■ **WORK REQUIRED**: Give every line of the material back exactly, images removed.

■ **DATASET EXCERPT**:
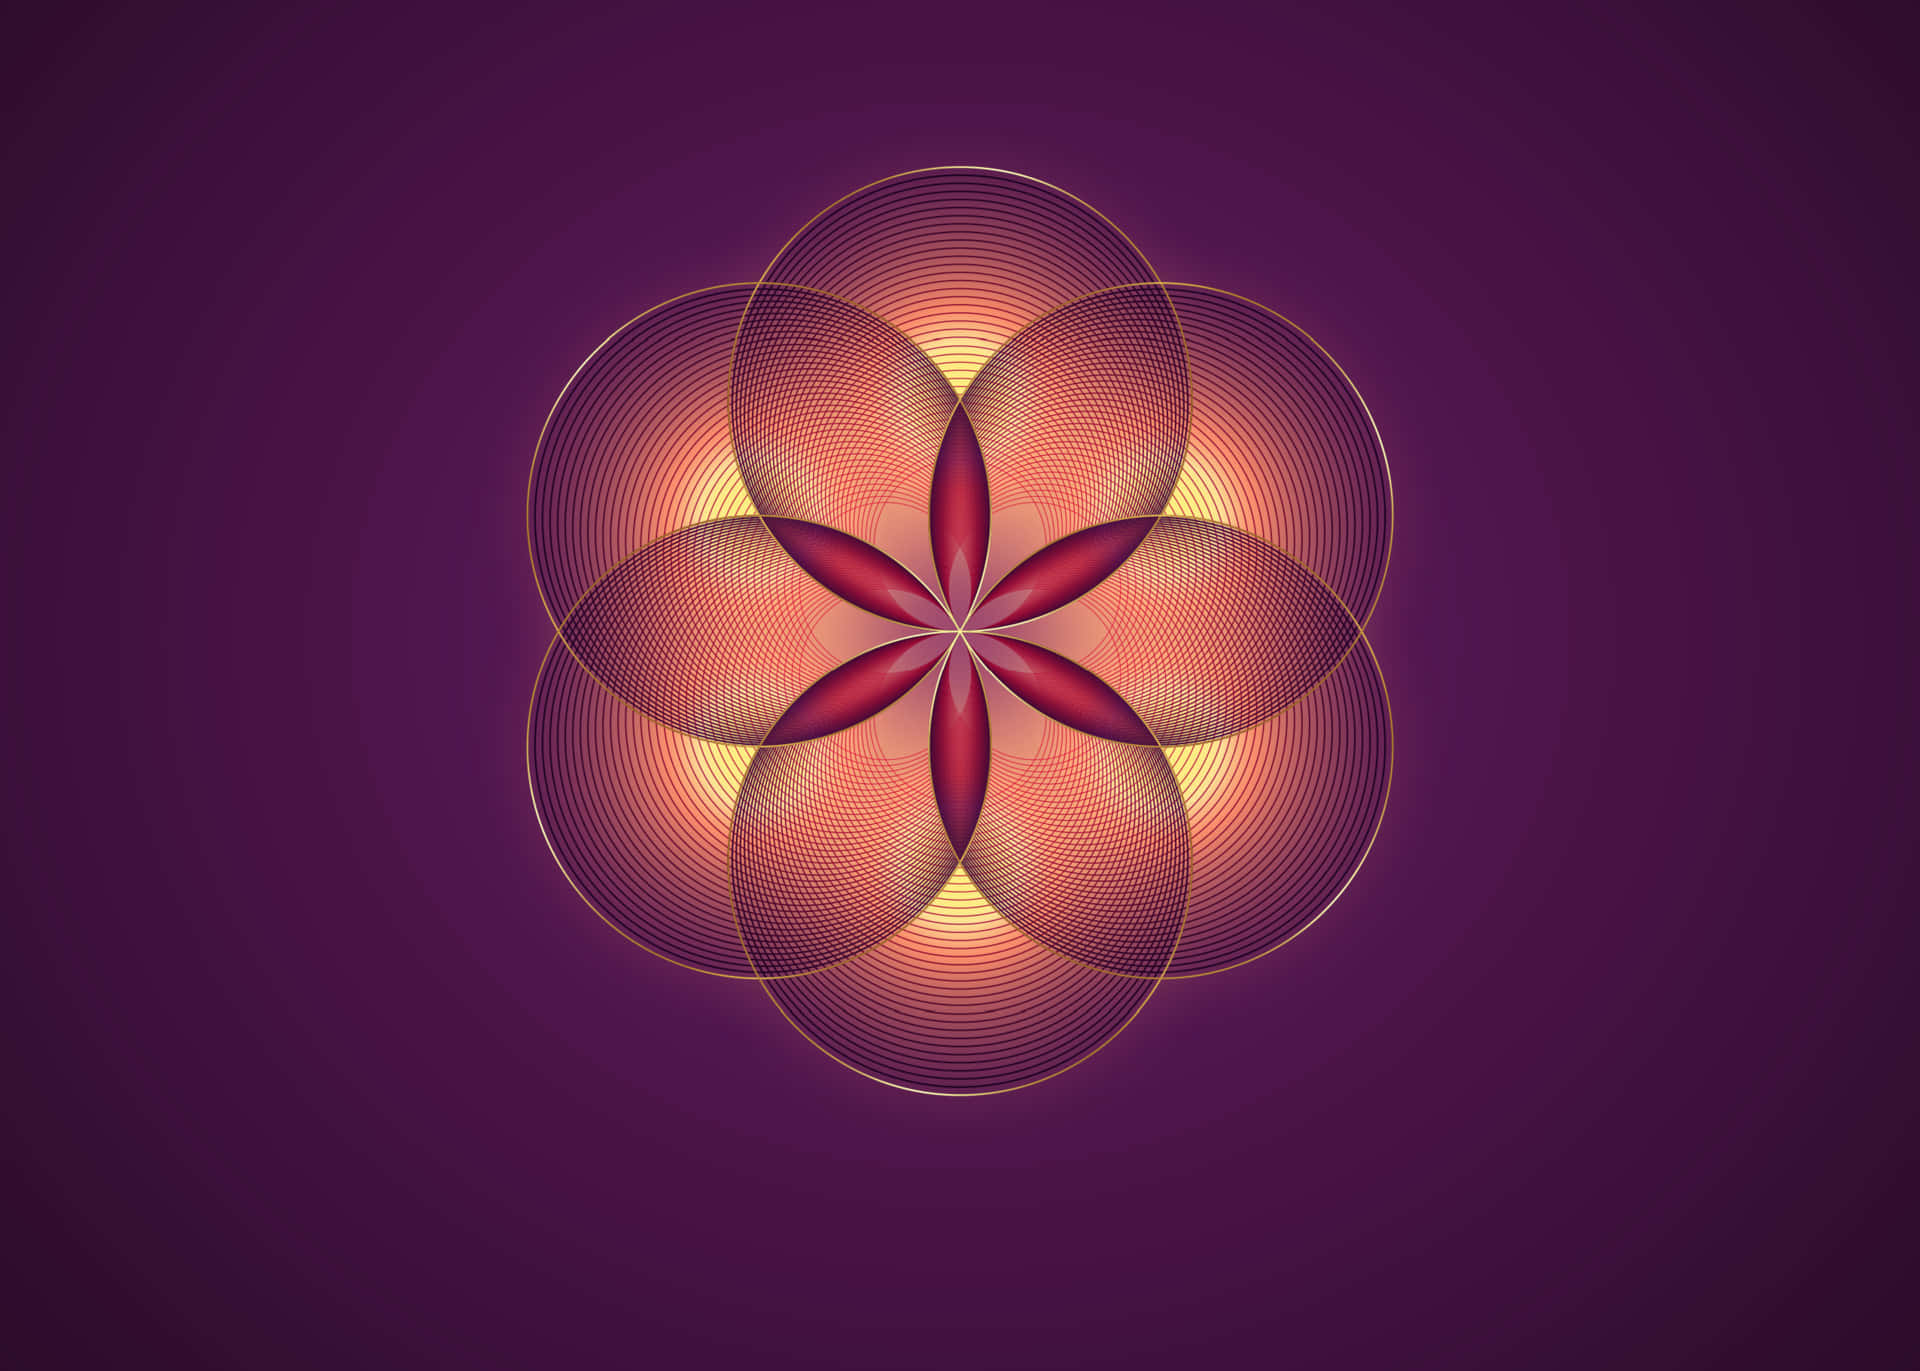 Unlock the power of the Flower of Life Wallpaper
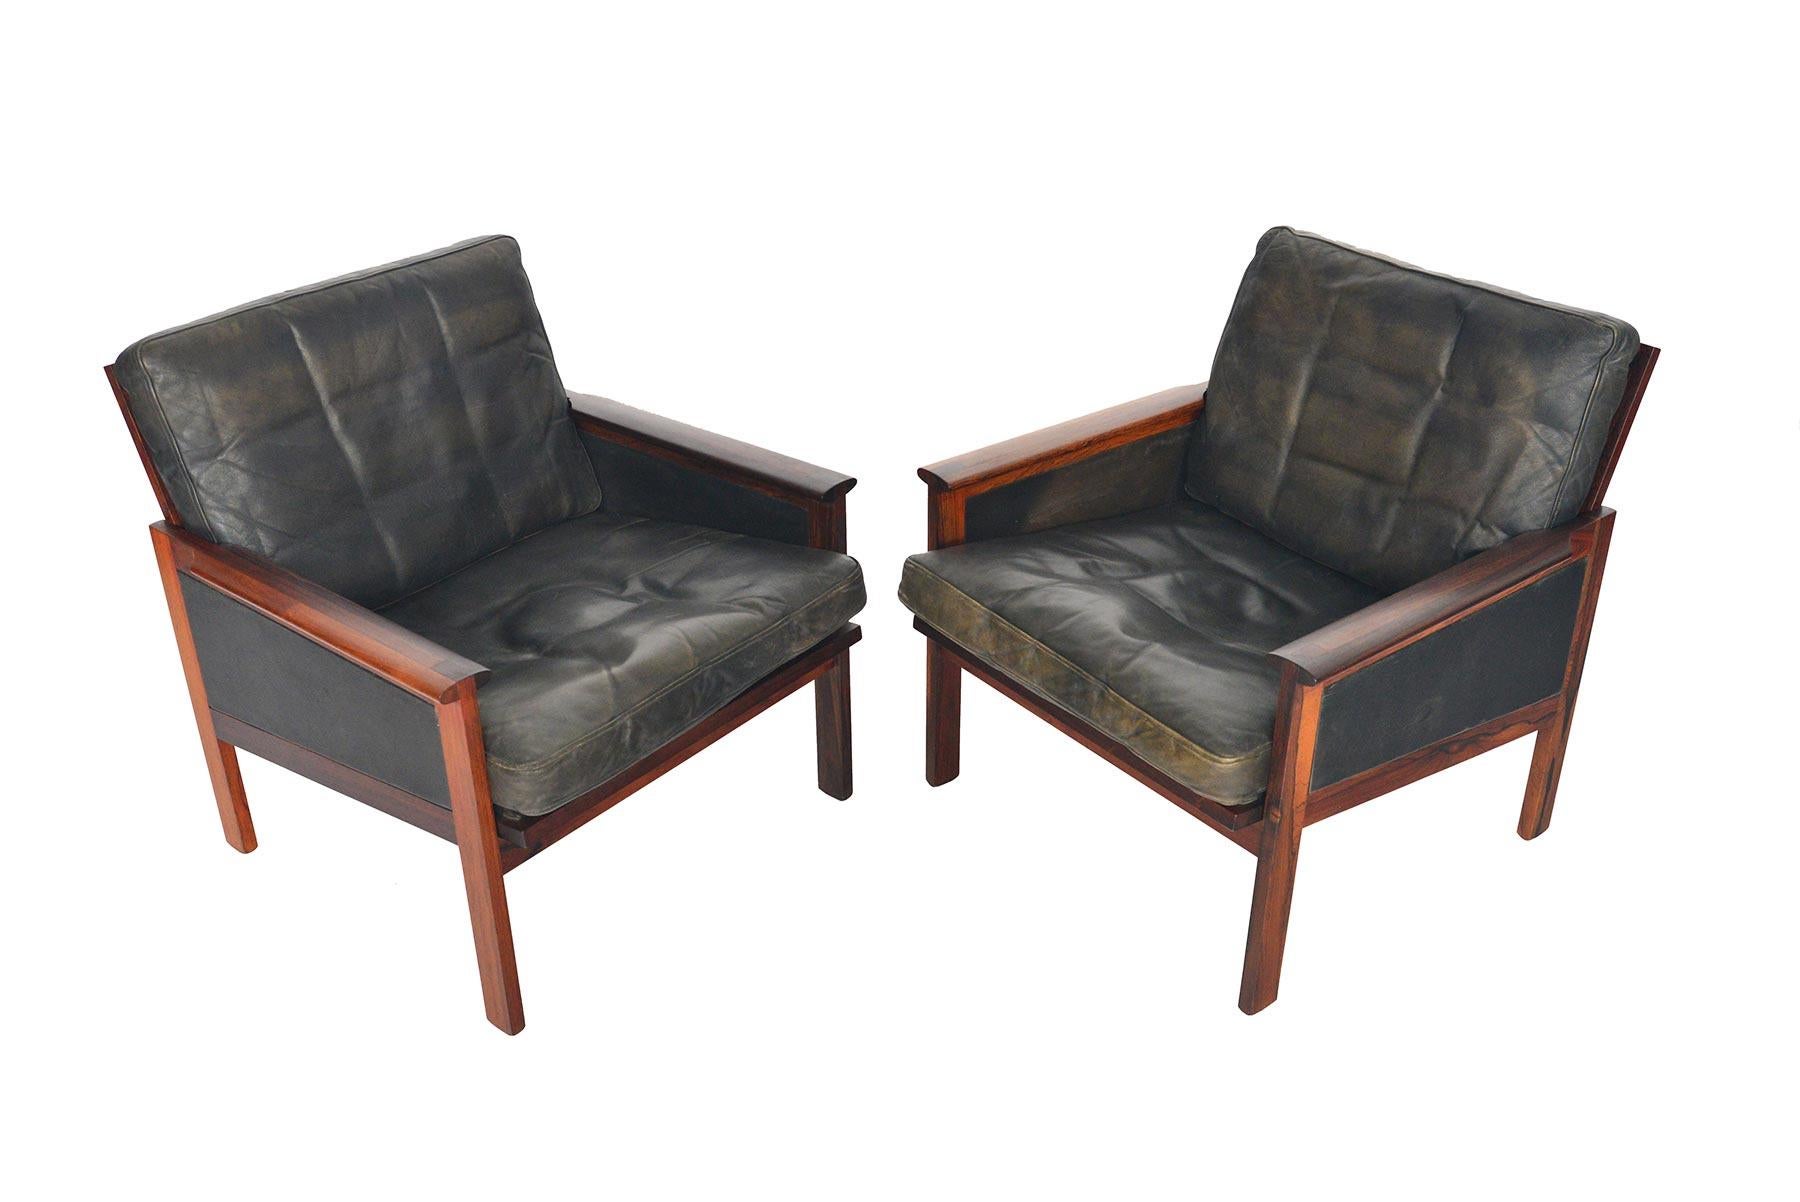 This pair of Danish modern lounge chairs was designed by Illum Wikkelsø as the ‘Capella’ model for N. Eilersen in 1959. Framed in solid rosewood, this chair features a beautifully crafted finger joint on the armrest. Leather panels rest beneath the
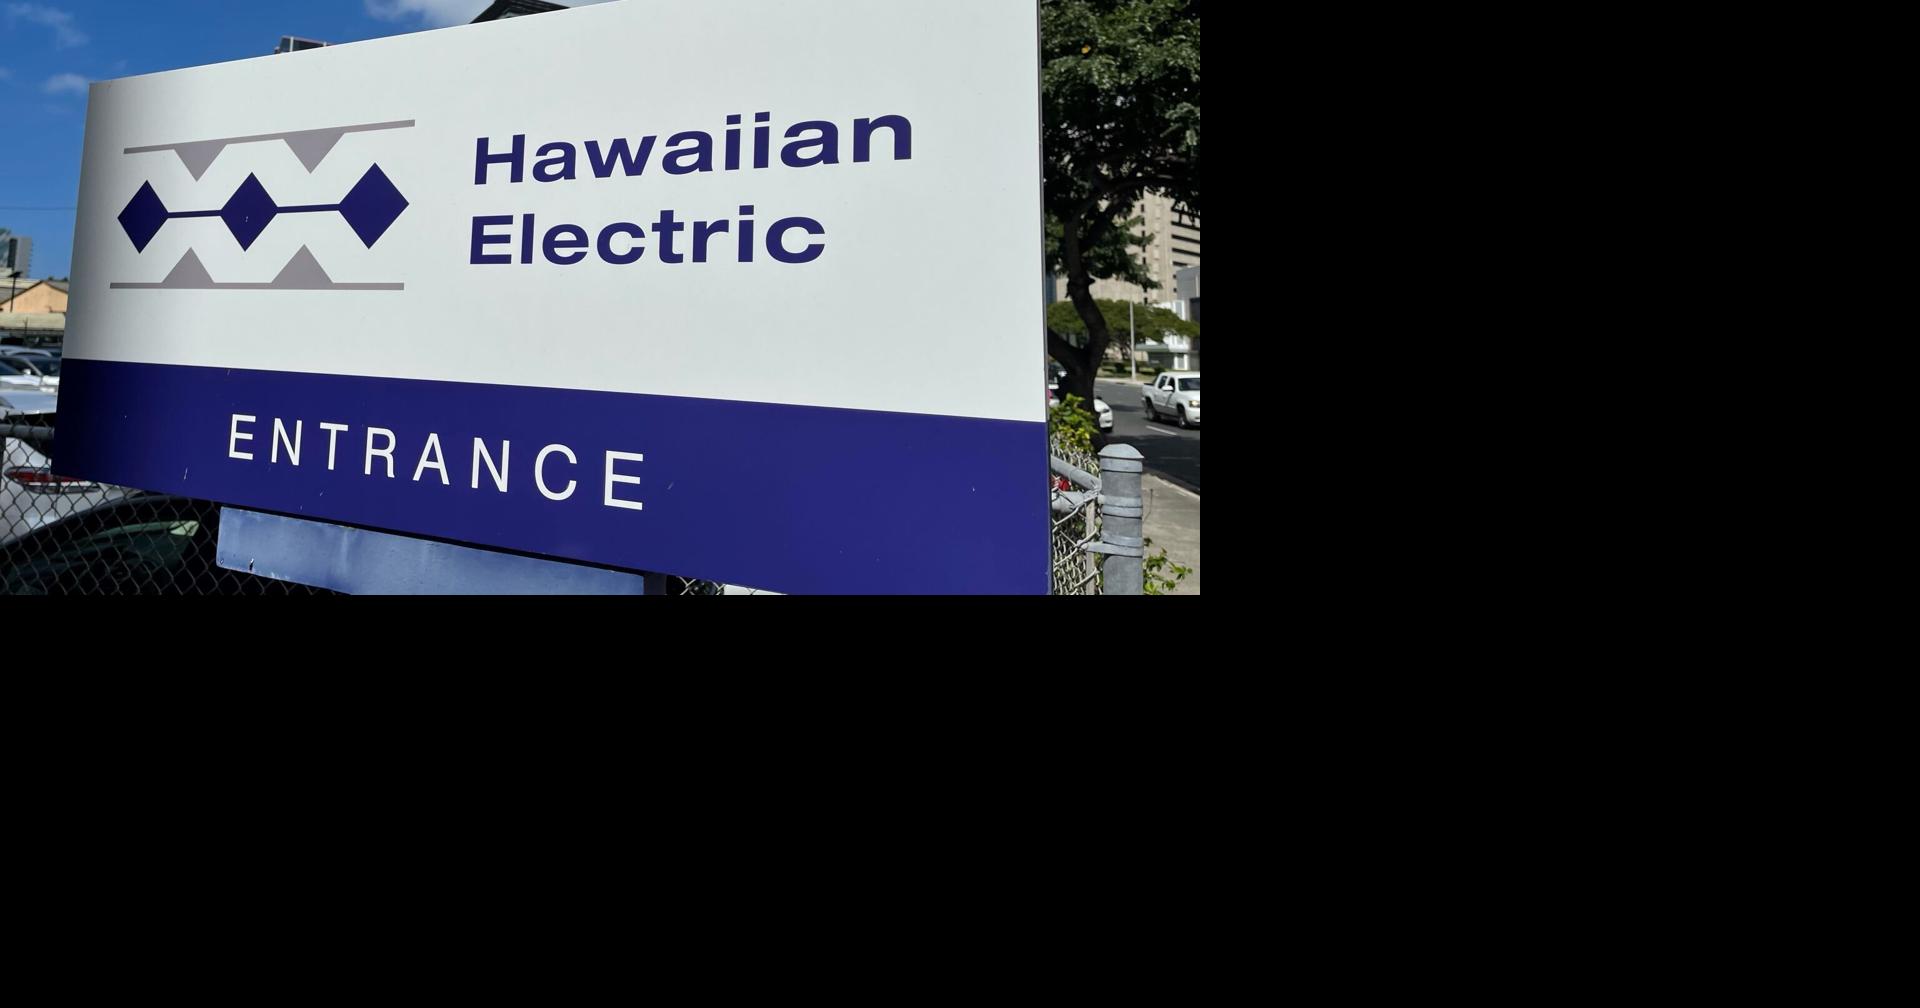 Burning debate on whether Hawaii can go to 100% renewable energy by 2045

■ **TASK RESPONSE**:
 Unlock the power of the Flower of Life Wallpaper
 This pair of Danish modern lounge chairs was designed by Illum Wikkelsø as the ‘Capella’ model for N. Eilersen in 1959. Framed in solid rosewood, this chair features a beautifully crafted finger joint on the armrest. Leather panels rest beneath the
 Burning debate on whether Hawaii can go to 100% renewable energy by 2045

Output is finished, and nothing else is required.